### [ENTRIES PROVIDED]
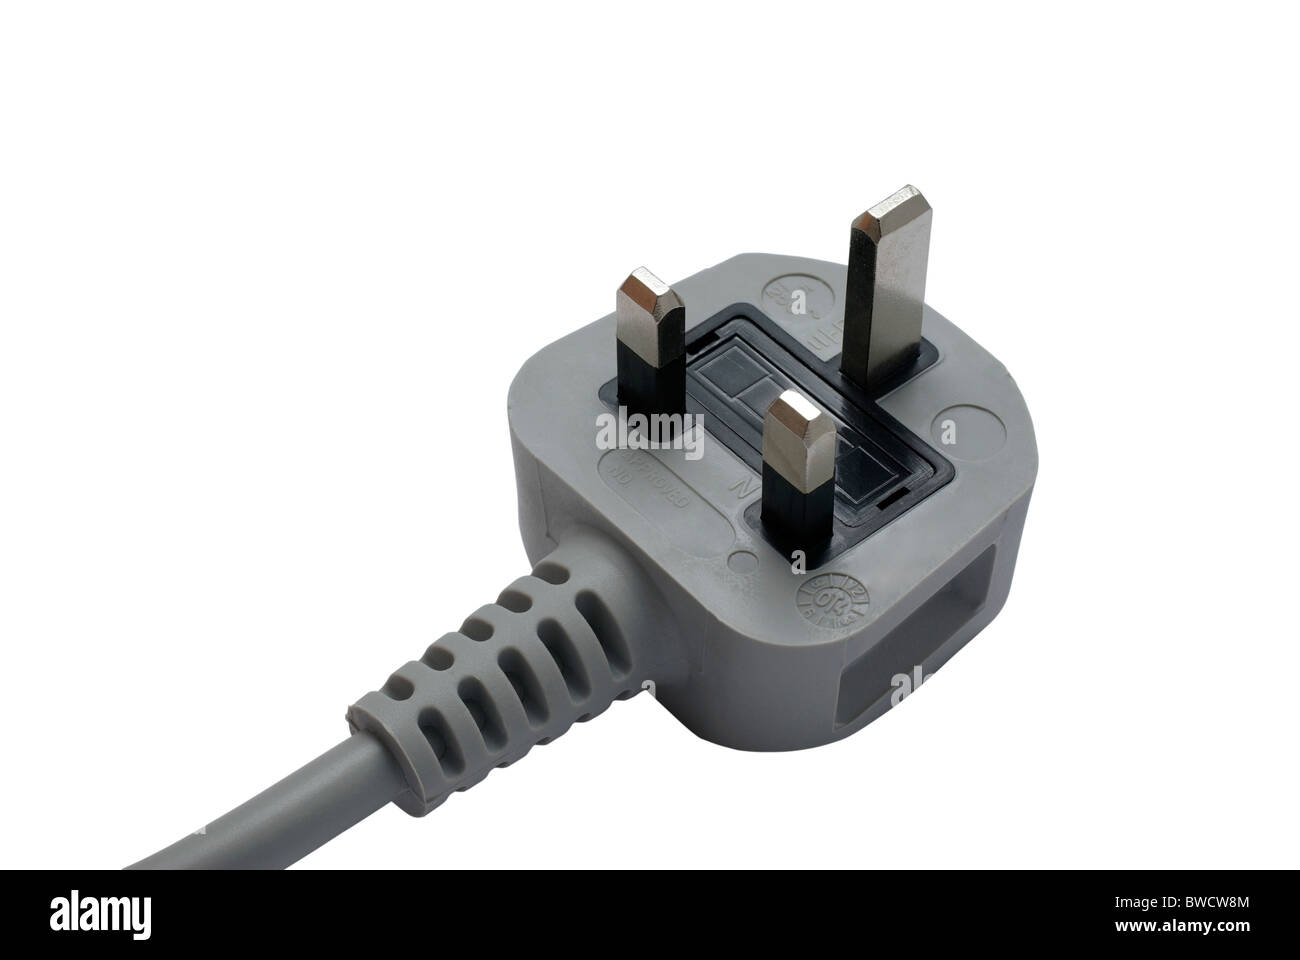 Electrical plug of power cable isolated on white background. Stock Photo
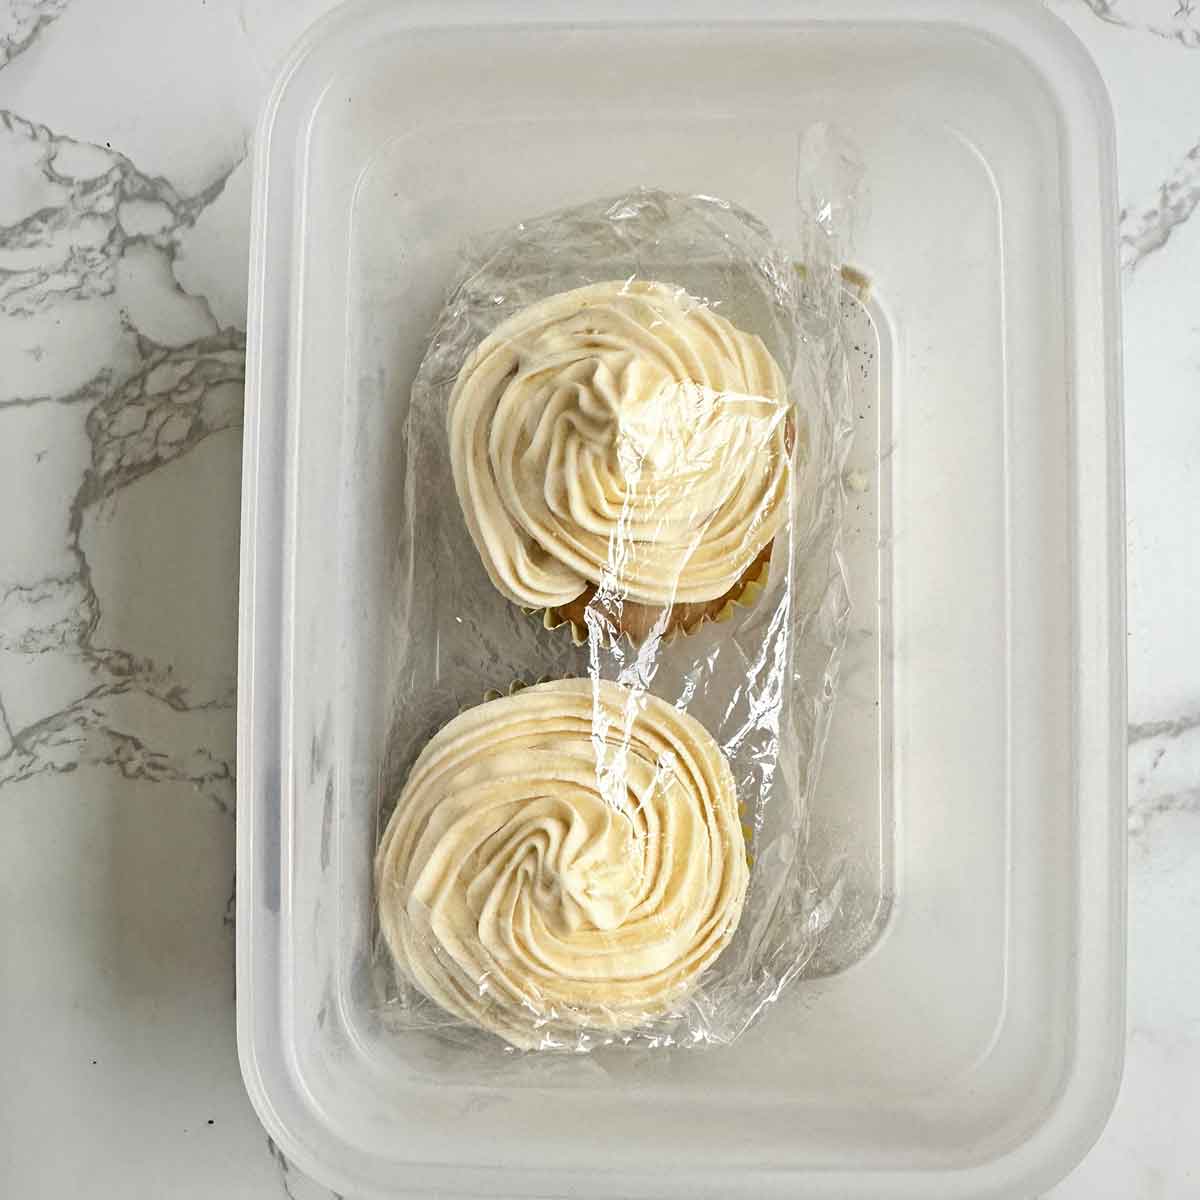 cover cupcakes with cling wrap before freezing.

--

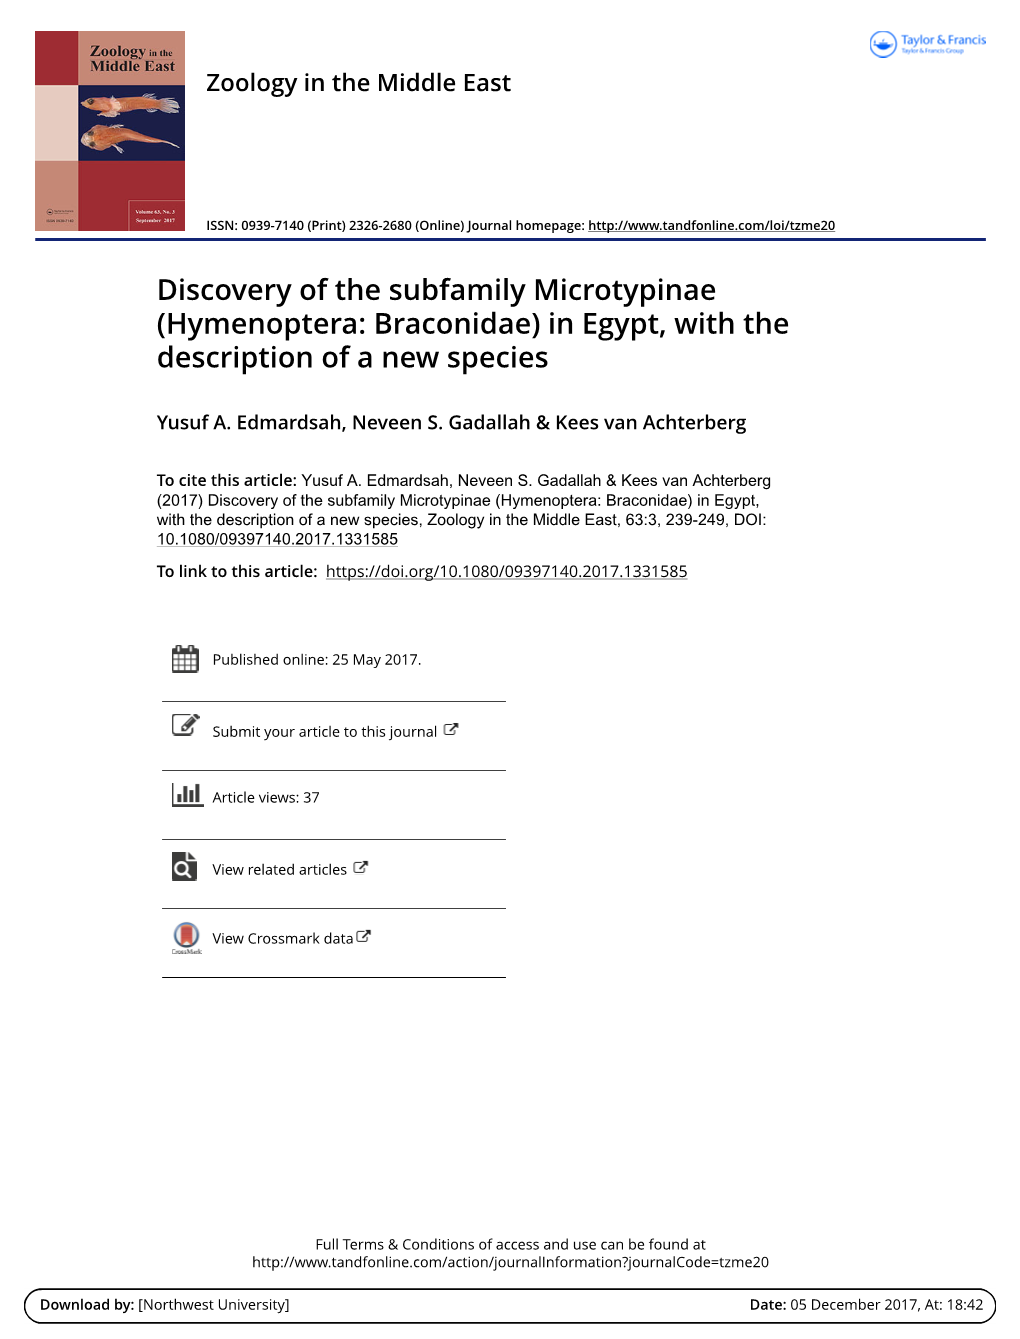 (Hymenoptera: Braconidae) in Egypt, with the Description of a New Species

### [WHAT THE EXERCISE ASKS]
Beginning with the line that contains "Electrical plug of", write out the lines of the material above exactly, and end with the line that contains "cover cupcakes with". Omit the pictures.

### [OUTPUT OF THE TASK]
 Electrical plug of power cable isolated on white background. Stock Photo
 cover cupcakes with cling wrap before freezing.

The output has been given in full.